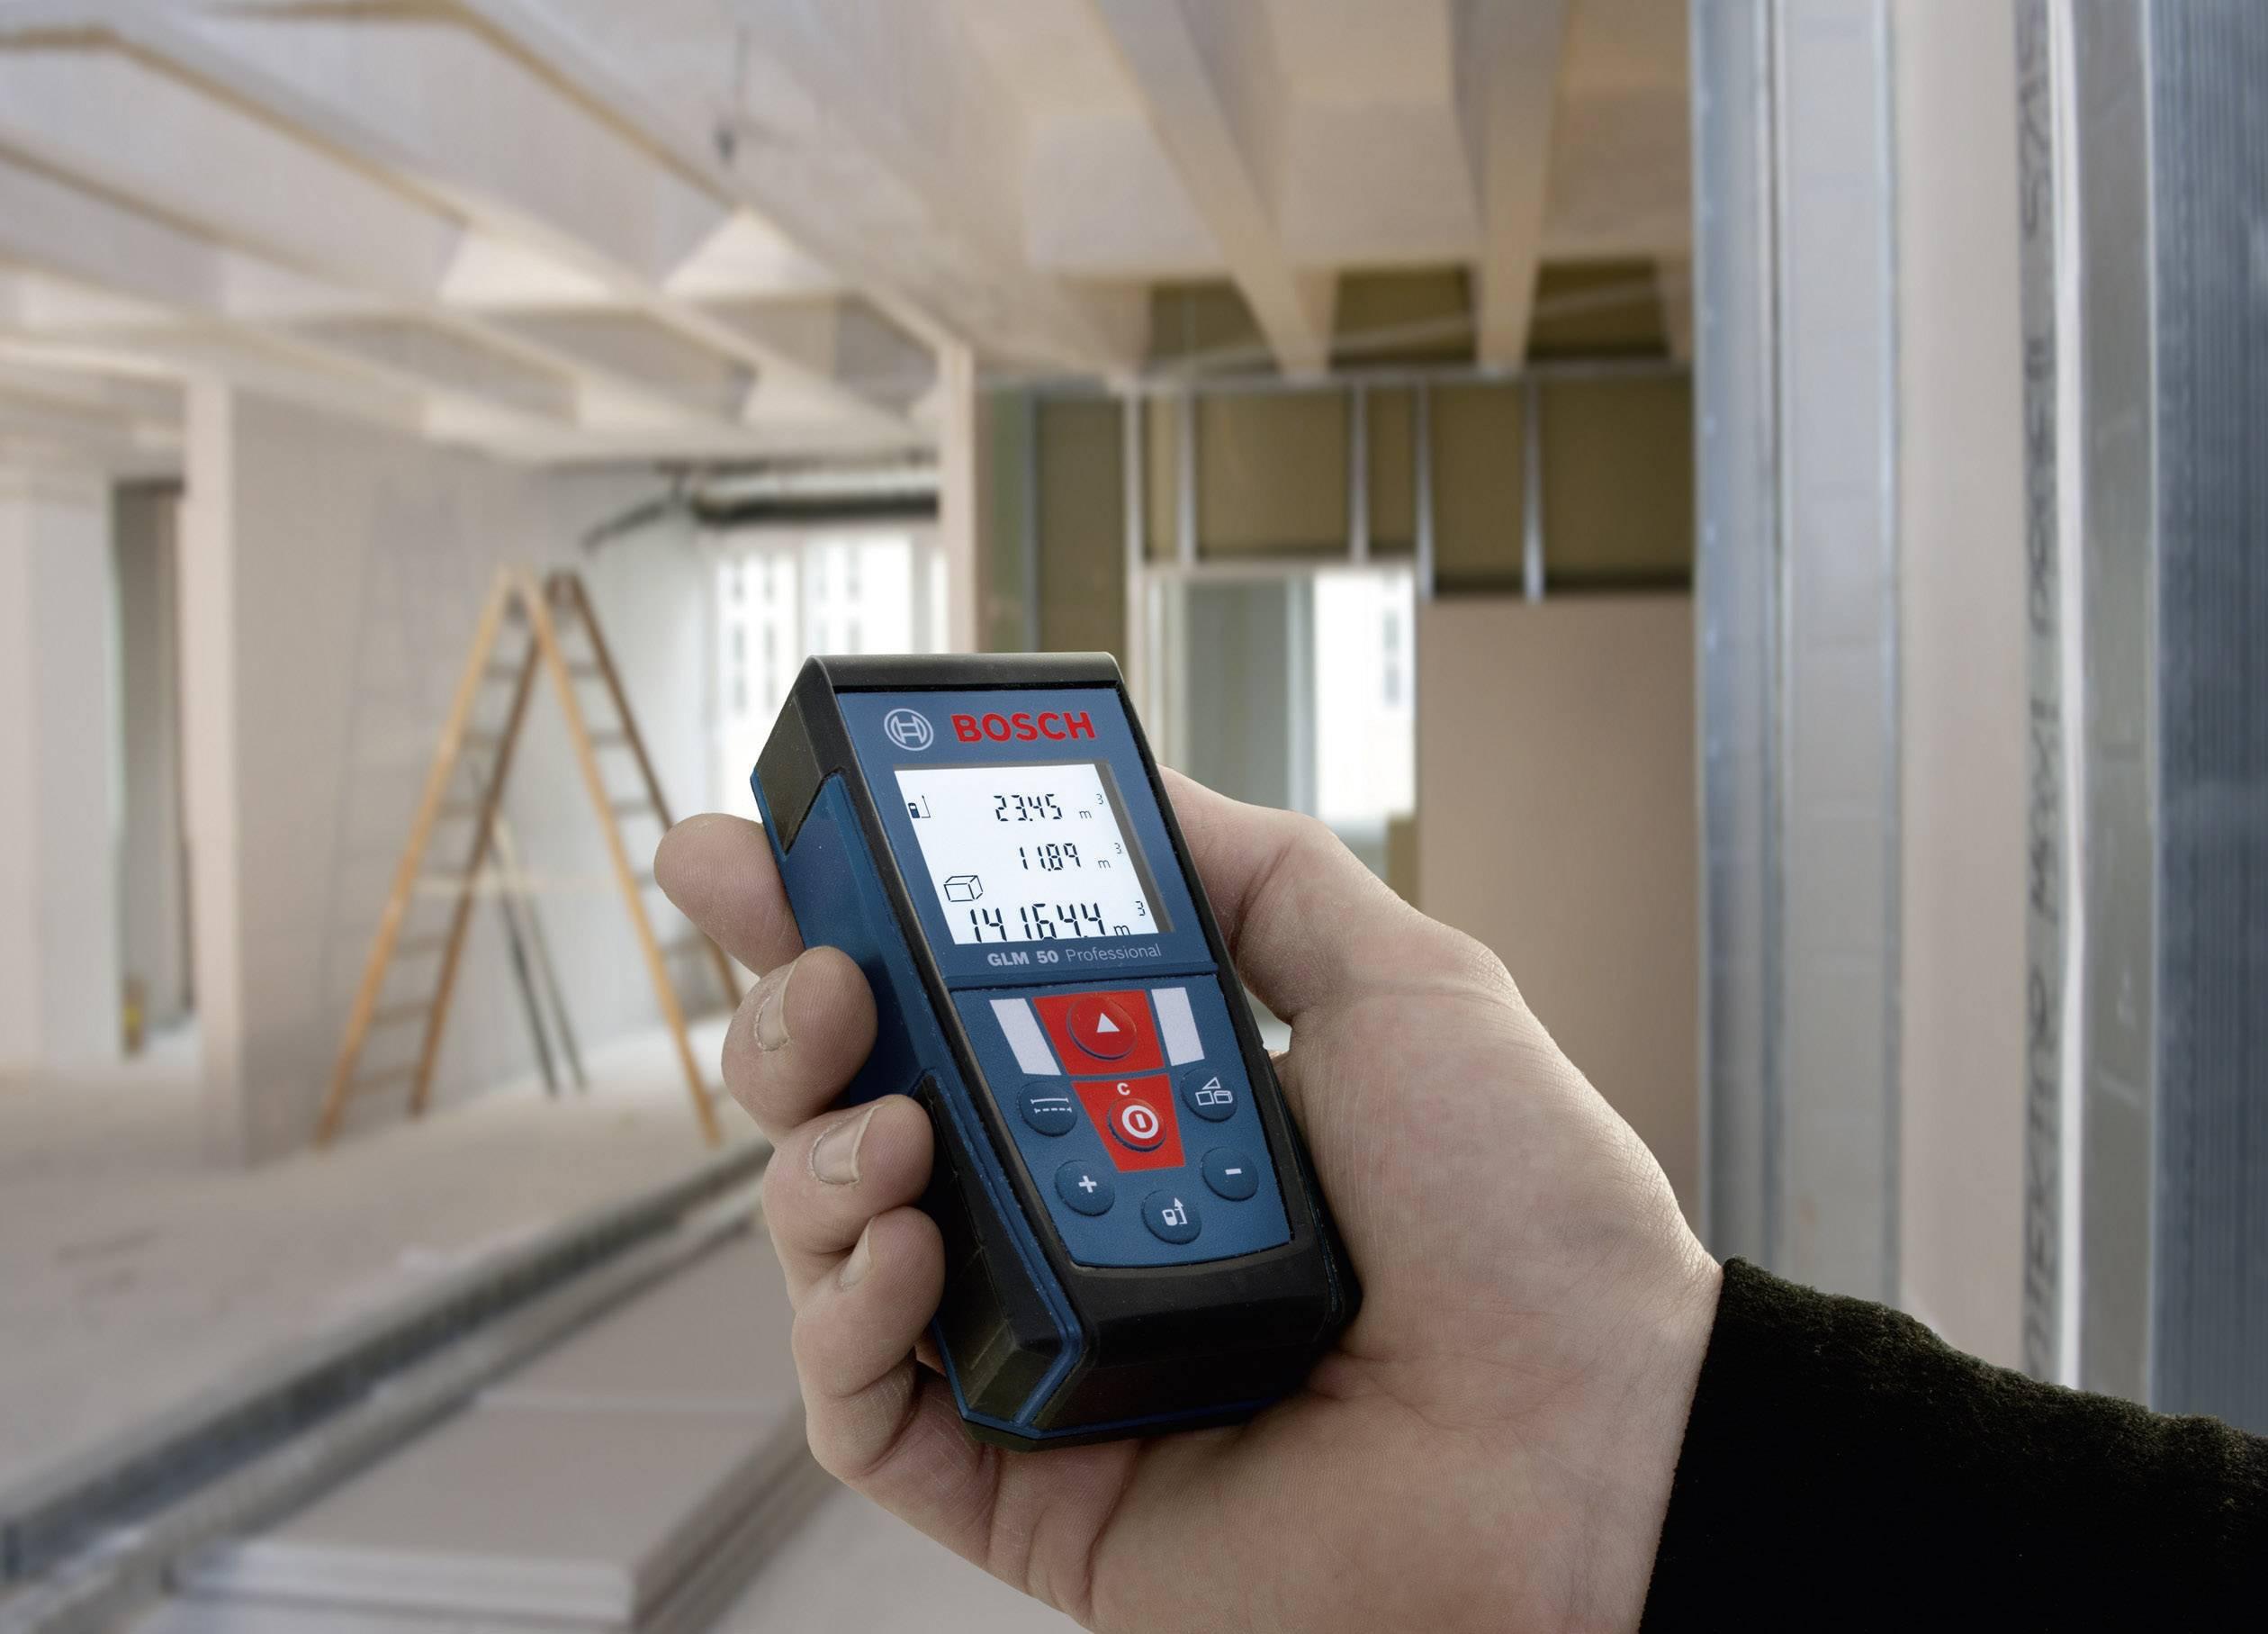 Laser Entfernungsmesser Glm 50 C Professional : Einfache und schnelle dokumentation von messwerten youtube
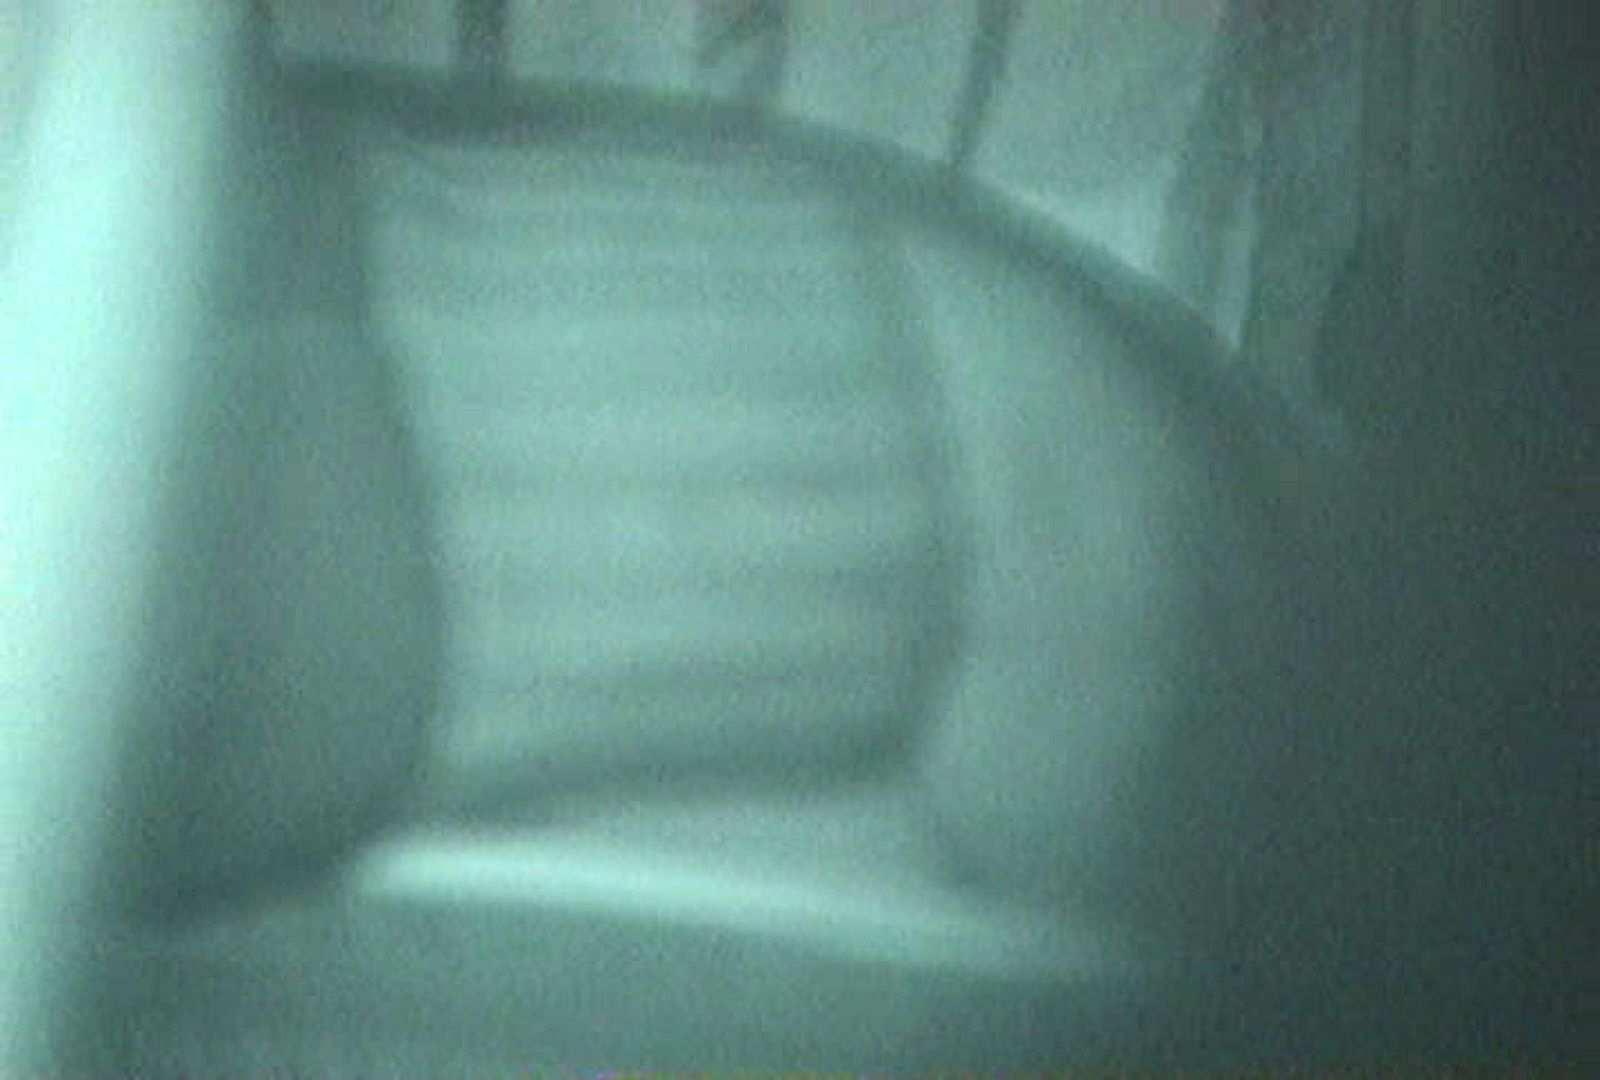 充血監督の深夜の運動会Vol.112 カップルのセックス 性交動画流出 107PIX 4
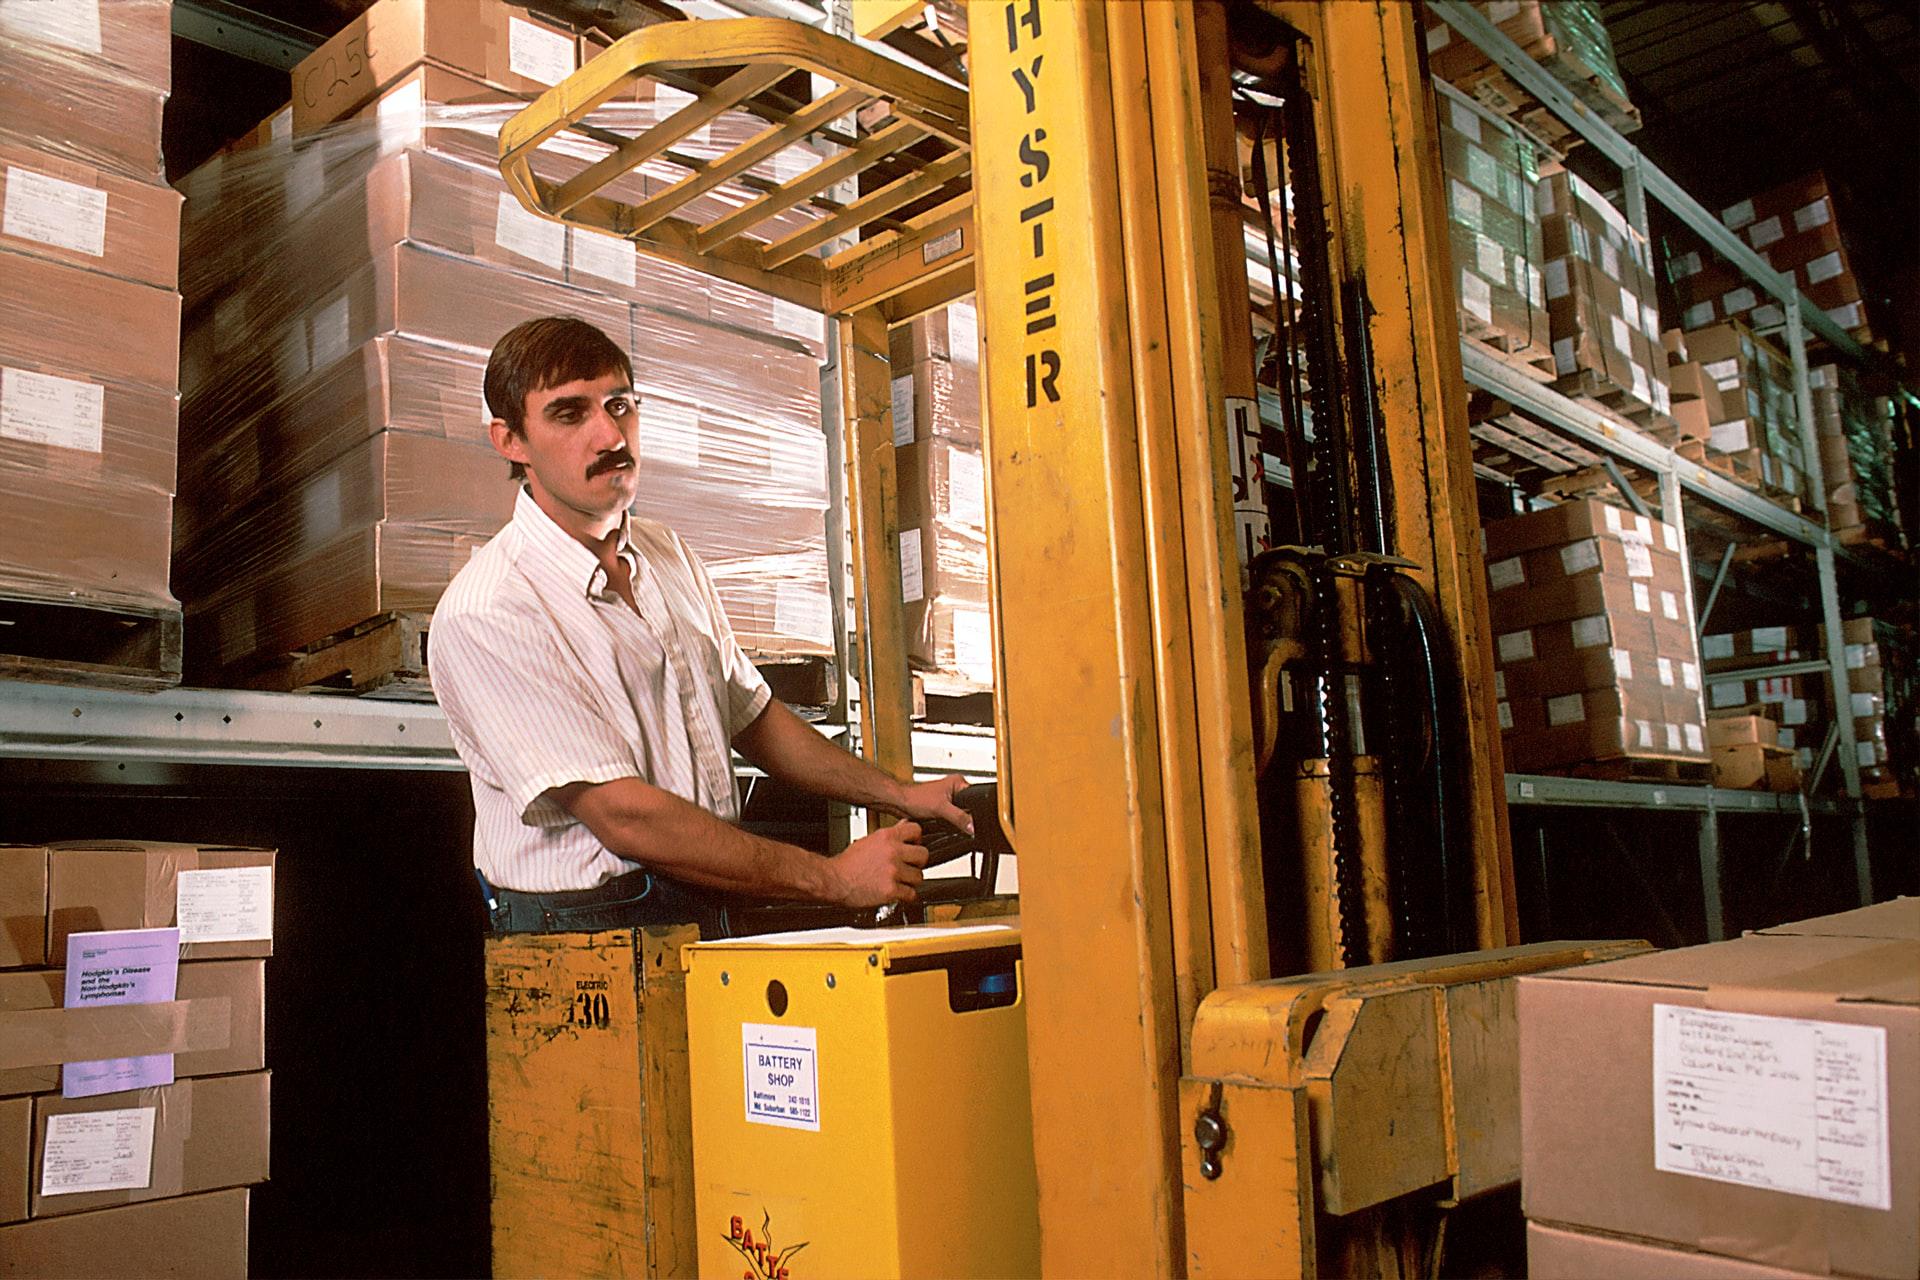 homme dans un entrepôt filmage palettes

ACTIVITY » Please reproduce each line of the listing above exactly, skipping pictures.

ANSWER BOX »
 Laser Entfernungsmesser Glm 50 C Professional : Einfache und schnelle dokumentation von messwerten youtube
 充血監督の深夜の運動会Vol.112 カップルのセックス 性交動画流出 107PIX 4
 homme dans un entrepôt filmage palettes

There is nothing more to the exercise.